Localized bacterial infections are always present on our skin, in our mouth, gut and other tissues, and these are common and mostly harmless.

To investigate these bottlenecks, the scientists injected mice with a mix of three different variants of S. pneumoniae. About half of the mice developed sepsis, and in almost all cases, the bacteria causing sepsis were derived from only one of the three variants. Using statistical analysis as well as direct DNA sequencing, the researchers could show that in most cases the bacterial population causing sepsis was started by a single pneumococcal cell. Their data also suggest that this "founder bacterium" had no obvious characteristics that gave it an advantage over the 999,999 others, but that random events determine which of the injected bacteria survives and multiplies to cause disease.

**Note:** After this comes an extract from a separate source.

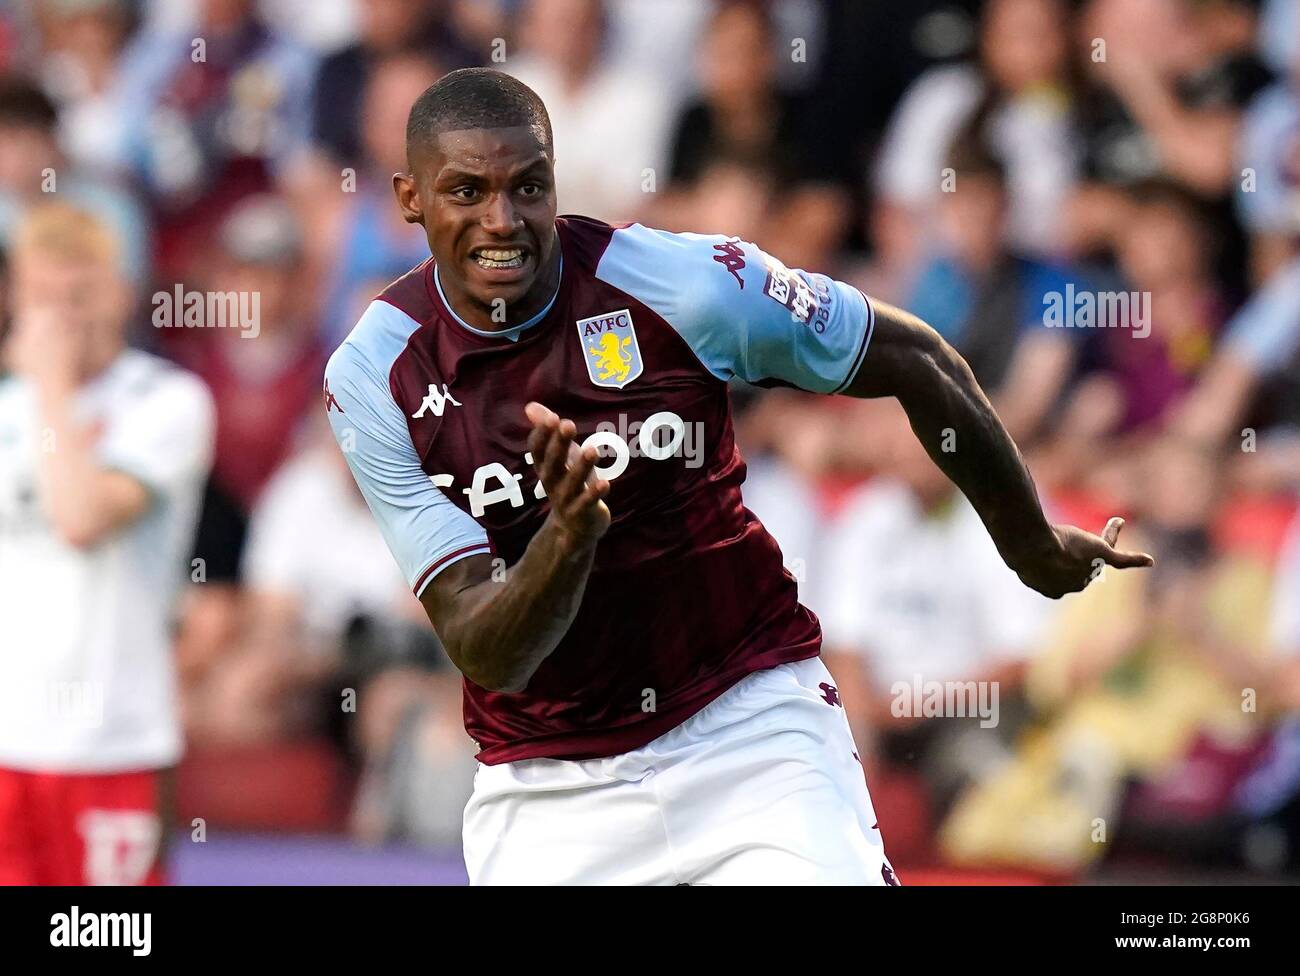 Walsall, England, 21st July 2021. Wesley of Aston Villa during the Pre Season Friendly match at the Banks's Stadium, Walsall. Picture credit should read: Andrew Yates / Sportimage Stock Photo

When the researchers look closer at the mechanisms by which the immune system is able to clear most--but not always all--of the injected bacteria, they found that macrophages, a type of immune cell that can gobble up bacteria, and specifically macrophages in the spleen, are the main contributors to an efficient immune response. If bacteria survive that initial counter-attack by the host, a single founder bacterium multiplies and re-enters the bloodstream, where its descendants come under strong selective pressure that dynamically shapes the bacterial population, and thus causes the sepsis.
The researchers conclude "Although selective pressure generates diversity in bacterial populations during infection, invasive disease starts from a single founding cell which escapes initial immune clearance; a paradigm predicted to apply also to human systemic infections."